= Greg H. Sims =

American film producer

Greg Sims is an American entertainment executive, film producer, and writer.

==Biography==
One of his earliest works was the 1987 comedy/horror/spoof Return to Horror High. George Clooney had a role in the film and later appeared in another Sims production, Red Surf (1990), in what would be his first leading feature film role. Sims continued producing films and wrote The Fear in 1995 and Touch Me (1997). Touch Me was an Official Selection, President's Choice, of the 2017 edition of The Toronto International Film Festival.

At the beginning of 2005, Sims became the co-manager of Anouk, an EMI-Virgin Records recording artist. He was a witness in Phil Spector's murder trial. He also has started the company Vesuvio Entertainment Corporation which is a distribution company involved in the US theatrical, home entertainment (DVD/video) and television markets, as well as all foreign markets.
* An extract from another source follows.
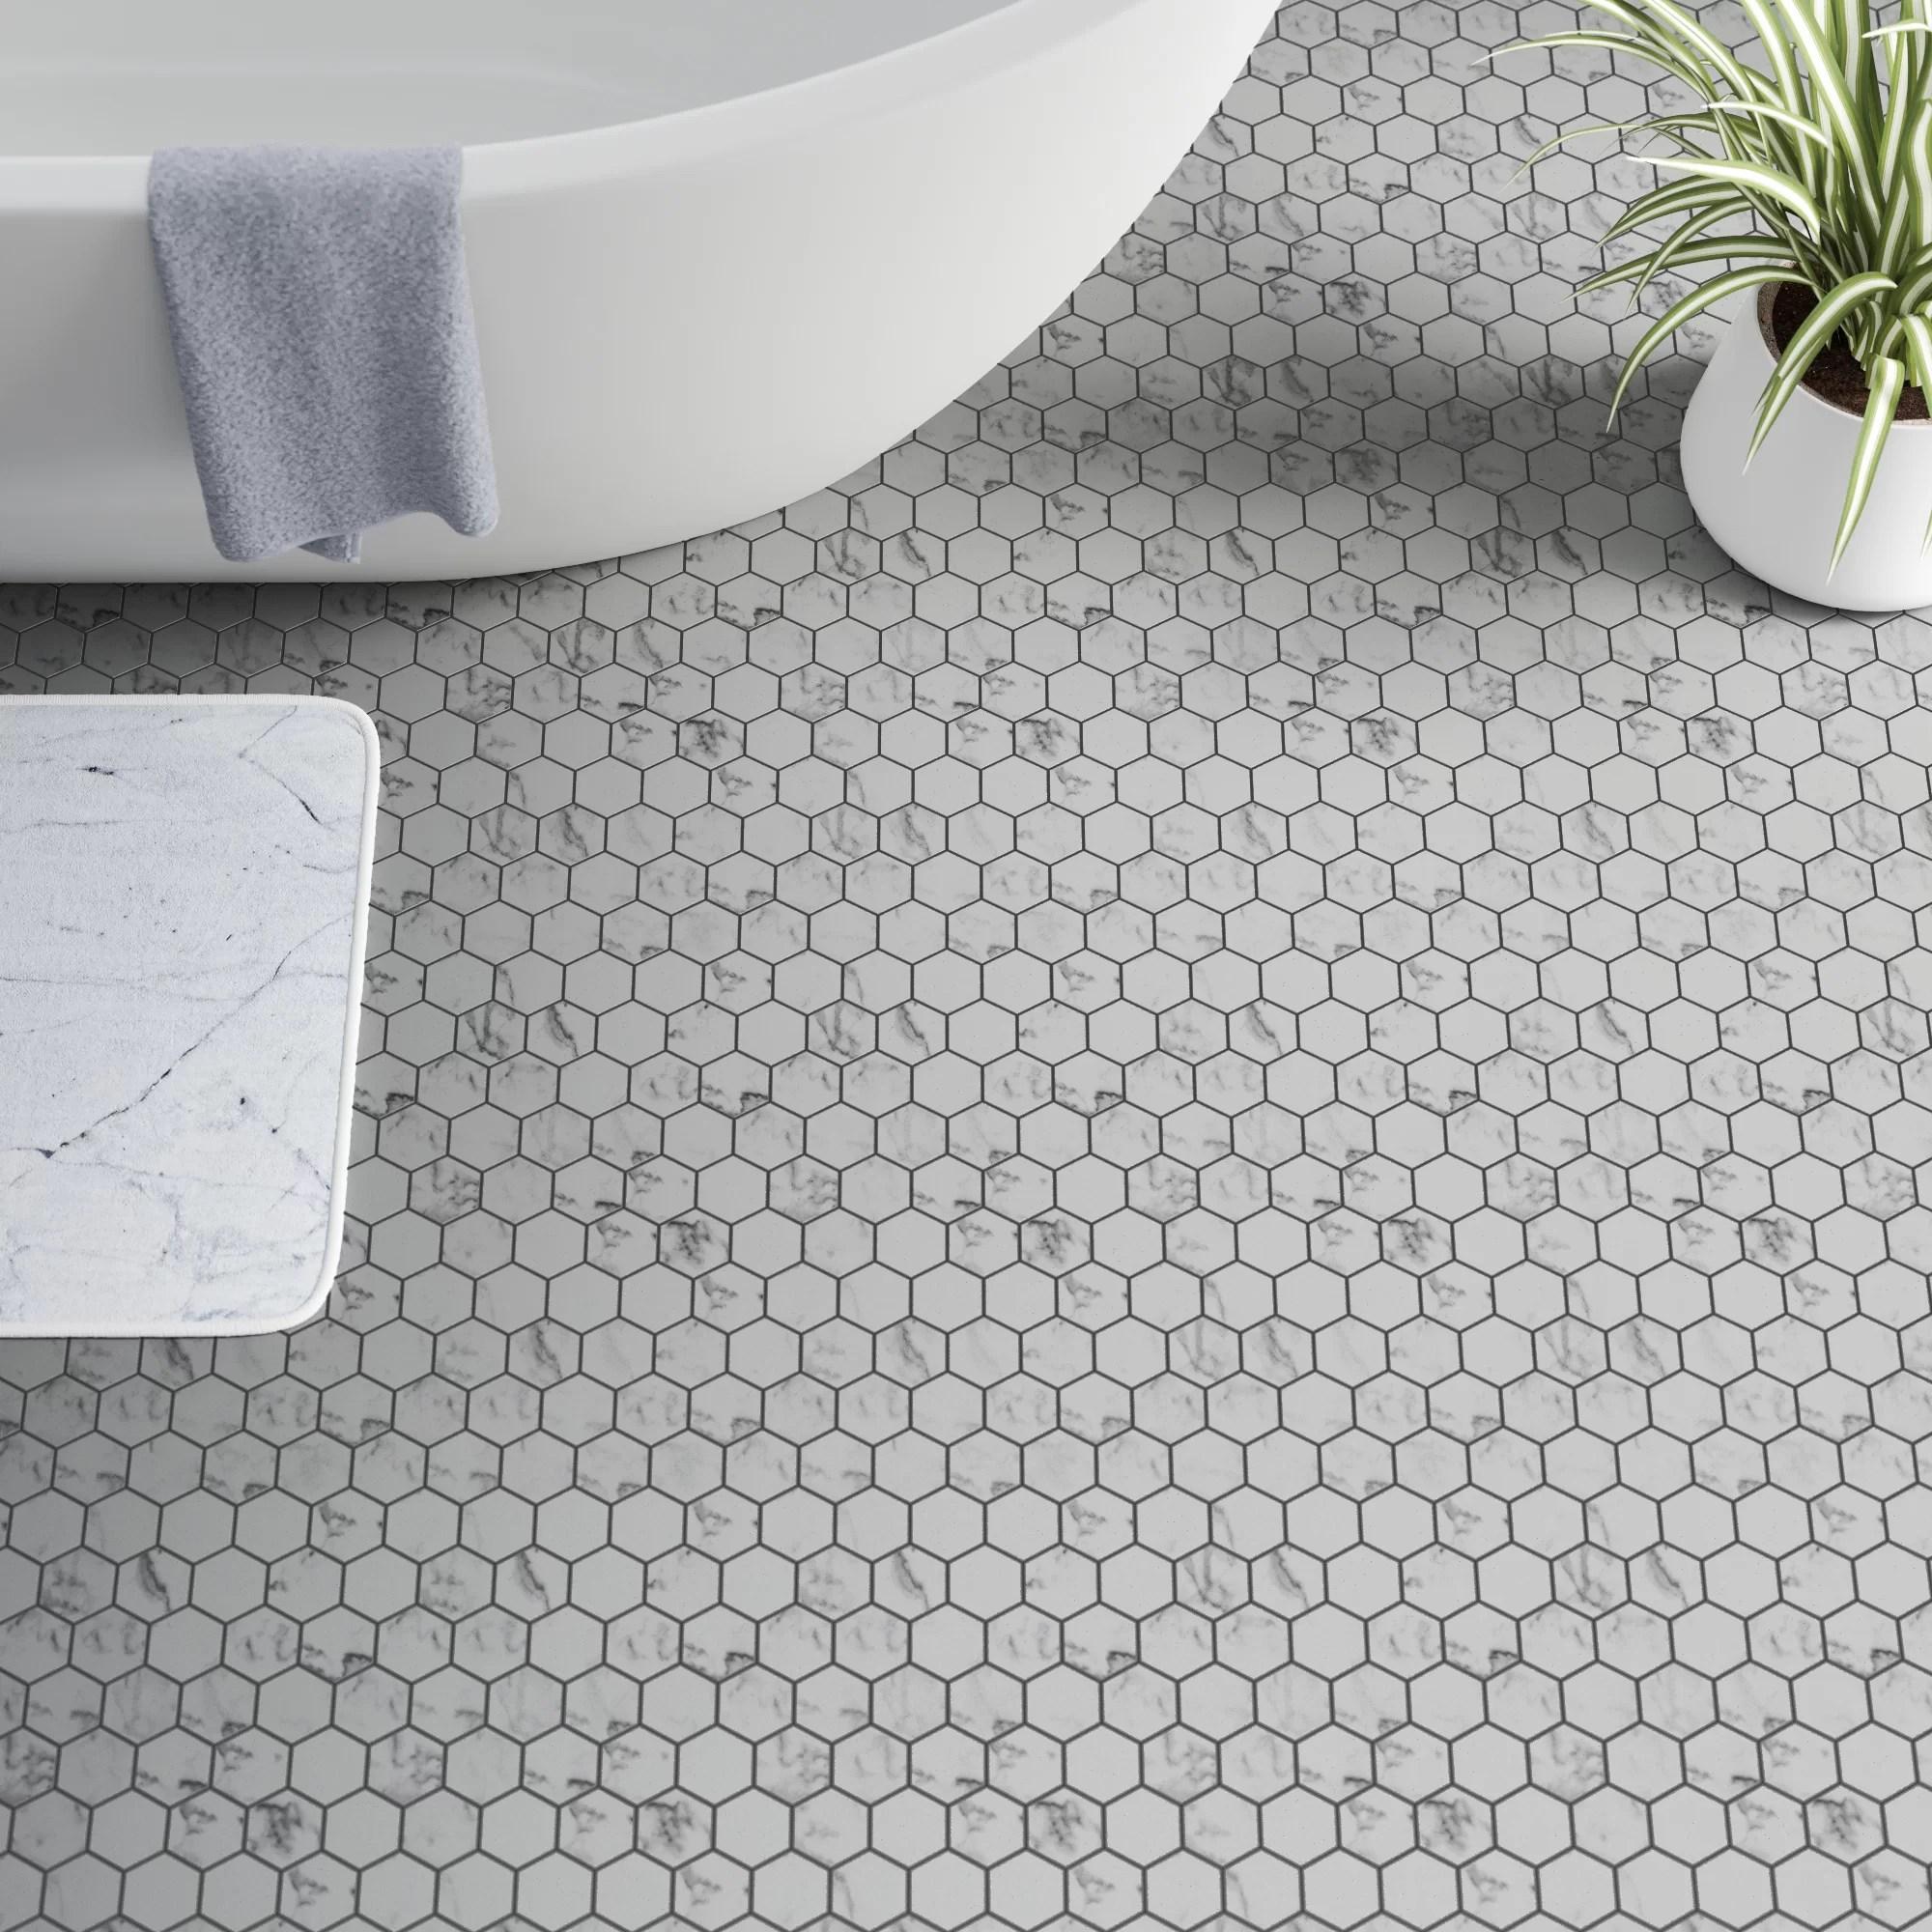 andrew 2 x 2 hexagon porcelain mosaic tile

The first film produced by Vesuvio Entertainment was the psychological thriller Behind Your Eyes in (2011), which won two film festival awards and was released on DVD and Redbox on March 20, 2012. In 2013, Vesuvio Entertainment acquired the international distribution rights for Craigslist Joe, a film about a man who travels around the country, dependent entirely on connections he makes through Craigslist. In February 2013, Sims became the manager for Martha Davis and The Motels.

In 2015, Sims and Vesuvio entered into a distribution agreement for the documentary An Open Secret, directed by Amy Berg. Sims partnered with Rocky Mountain Pictures to distribute the film theatrically in the US, but ultimately opted to terminate the overall distribution arrangement.

In August 2016, The Hollywood Reporter announced that Sims had set up a new management division, Arya Artist Management, and had signed Greg Louganis In 2018, Sims, through Arya Worldwide Entertainment, handled theatrical distribution of the indie film The Divide, which was the directorial debut of actor Perry King. In 2019, the film won Best Picture for premiere western Cowboys and Indians Magazine's annual C&I Movie Awards, and Best Actor for King. In January 2019, Arya signed singer/songwriter Evan Henzi for personal management.